Die meint zunächst – ganz im klassischen Märchen verhaftet – von einem Prinzen erweckt worden zu sein. Und dann? Weder Prinz, ja nicht einmal Prinzessin! Und dann noch geküsst auf den Mund!?
Rapunzel, so gibt sich die Wachküsserin zu erkennen, gelingt es nicht und nicht Dornröschen, die hier mit Roswitha sogar einen richtigen Namen hat, schmackhaft zu machen, dass sie doch jetzt aus der vorgesehenen Rolle ausbrechen könnte.
Von dieser Dynamik mit viel szenischem Humor und Wortwitz lebt das Stück über lange Zeit. Da die wilde, Freiheit und Unabhängigkeit liebende Rapunzel (Sophie Berger), die sich aus dem Turm befreite – einfach schlau genug, ihr uuuurlanges Haar abzuschneiden, um sich selbst abzuseilen.
Als Gegensatz die der Tradition verhaftete Prinzessin (Charlotte Zorell), die vom Prinzen träumt. Alles will sie regelkonform und brav machen, versucht das auch von der anderen zu verlangen, pocht auf feine Sprache, immer wieder oberlehrerinnenhaft korrigierend… Und doch stets mit einer Spur Überspitzung, die dieses Verhalten in Frage stellt.

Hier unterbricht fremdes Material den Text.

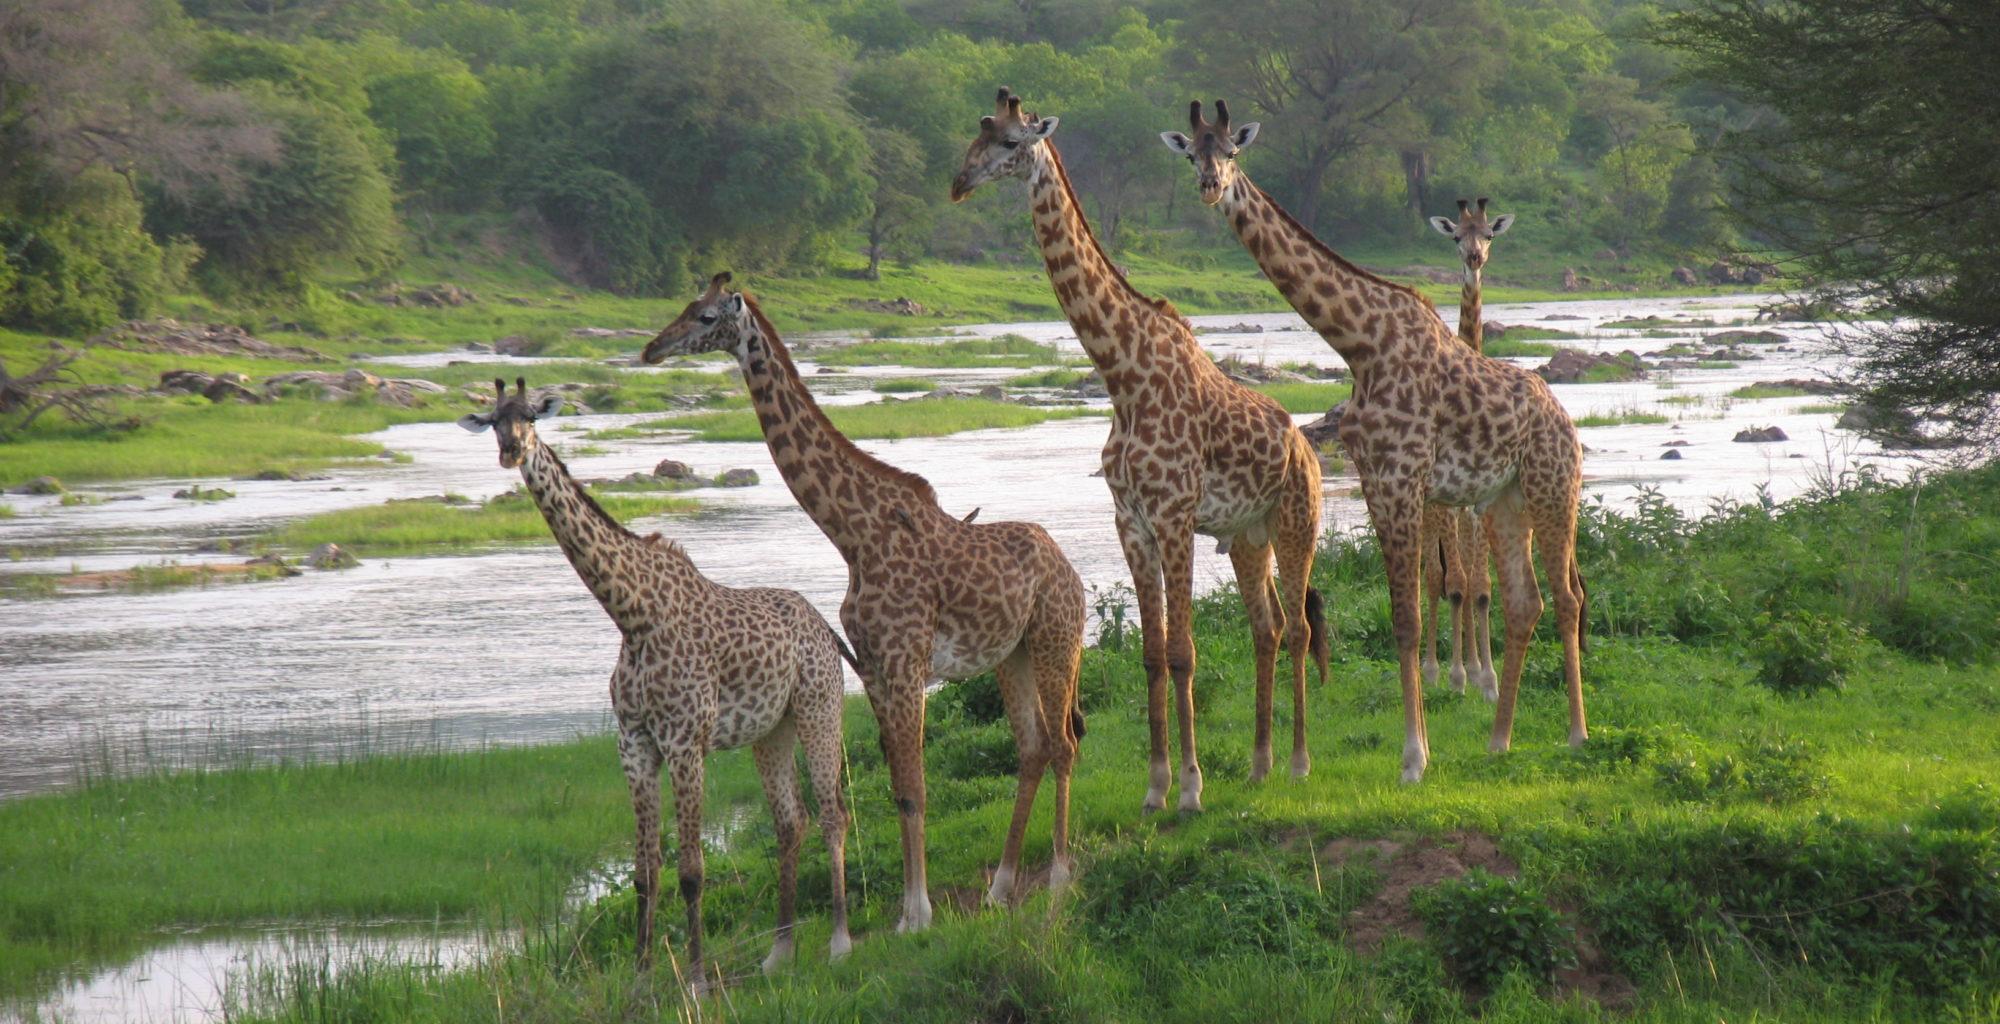 Tanzania-Ruaha-National-Park-Giraffes

Autor Raoul Biltgen, Regisserin Paola Aguilera und das gesamte Team woll(t)en von Anfang an diesen Druck zum sogenannten Brav-sein-müssen bzw. -sollen thematisieren und in Frage stellen, was witzig und immer wieder abwechslungsreich gelungen ist. Natürlich macht Roswitha eine Wandlung durch. Aber auch Rapunzel wird auf die Probe gestellt. Sie weiß zwar gut, was sie alles nicht möchte, aber was sie denn wirklich wolle – da muss sie auch erst hinfinden.

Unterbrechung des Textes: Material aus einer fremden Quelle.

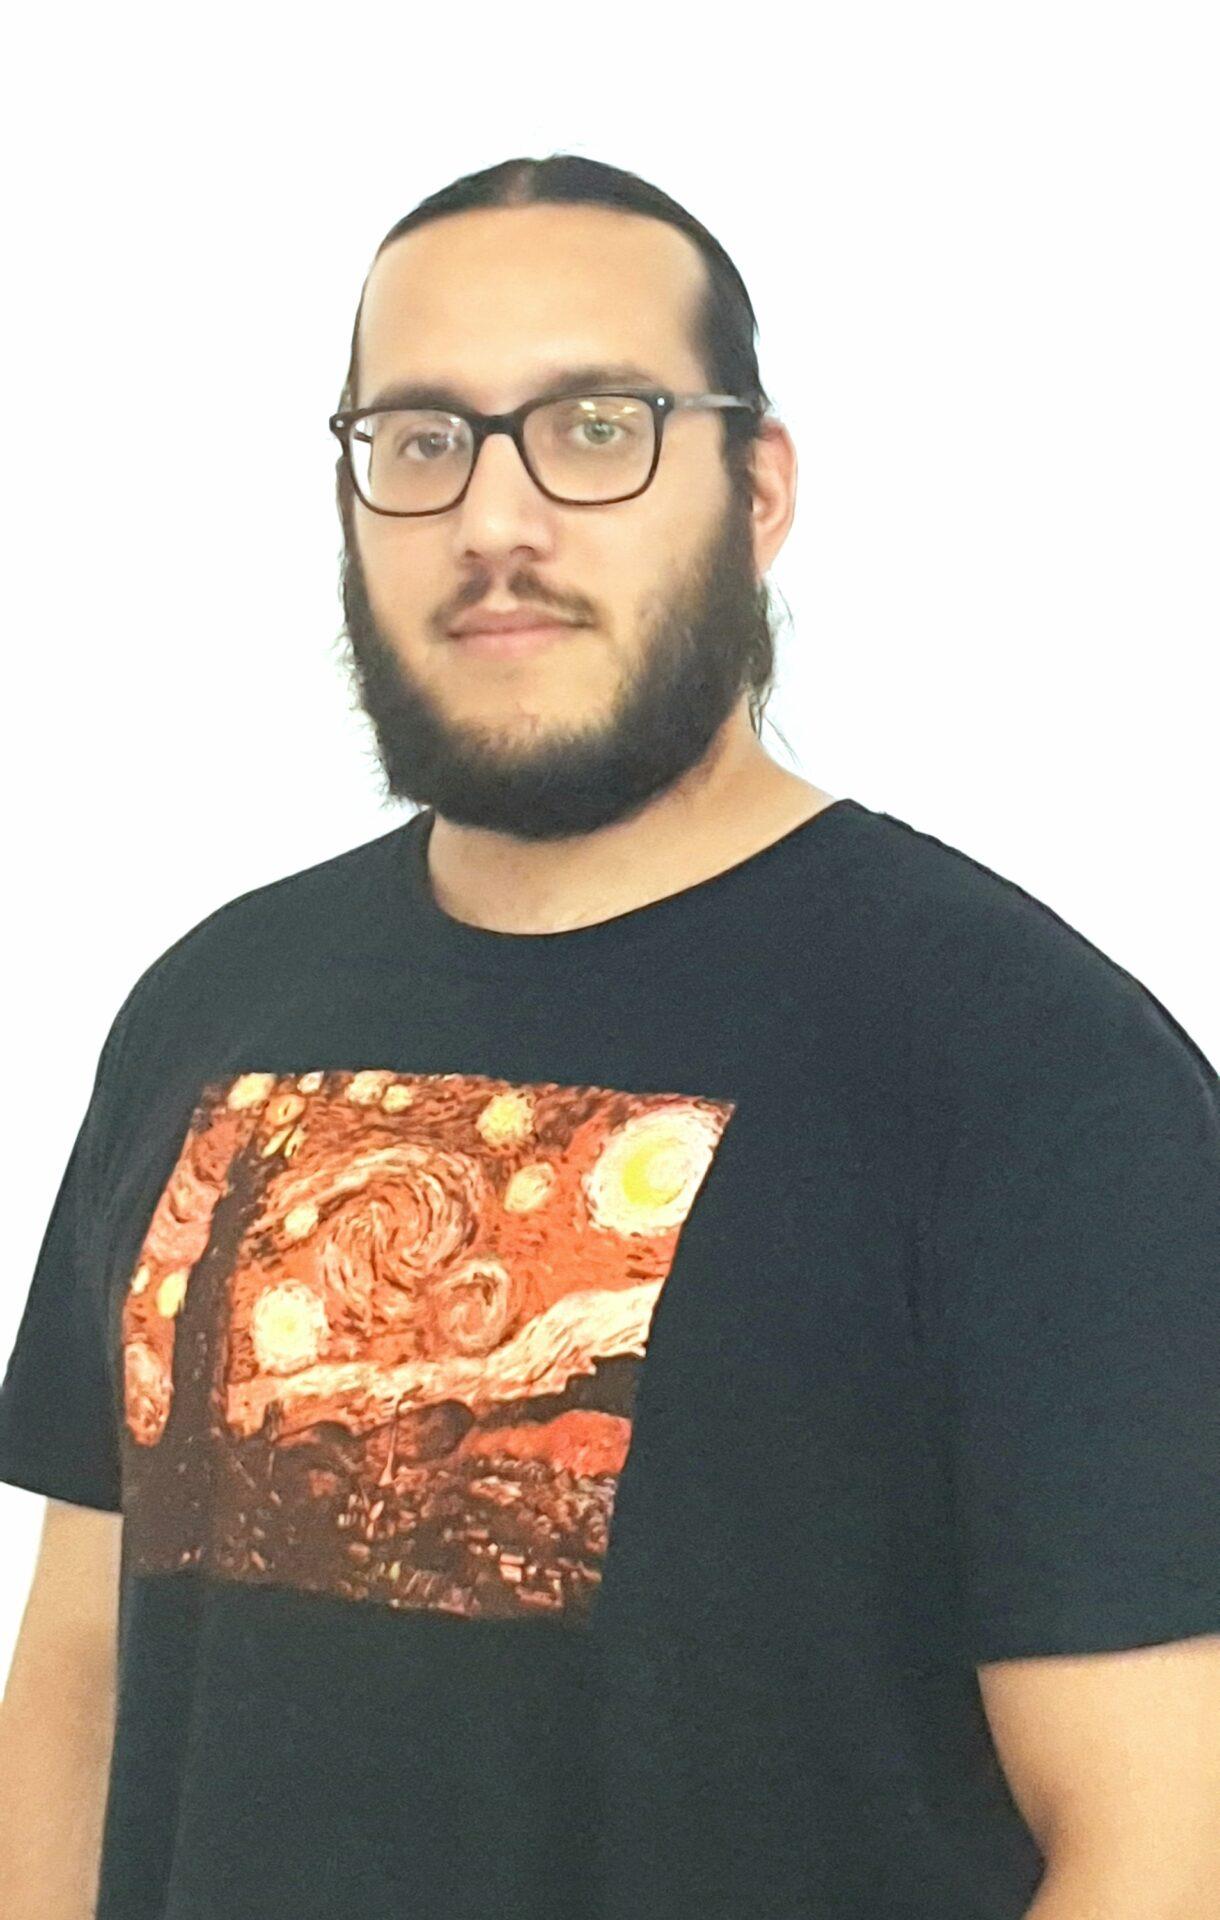 José Francisco Largaespada

Ach ja, im letzten Drittel, so viel darf schon verraten werden, taucht dann doch noch ein Prinz auf, Charly mit Namen (Paul Graf). Auf „Retter“ vorprogrammiert, strahlt er aber auch aus, so ganz taugt ihm die auferlegte Rollenzuschreibung nicht. Was er letztlich ziemlich am Ende als seinen Berufswunsch gesteht – nein, das wird hier nicht gespoilert.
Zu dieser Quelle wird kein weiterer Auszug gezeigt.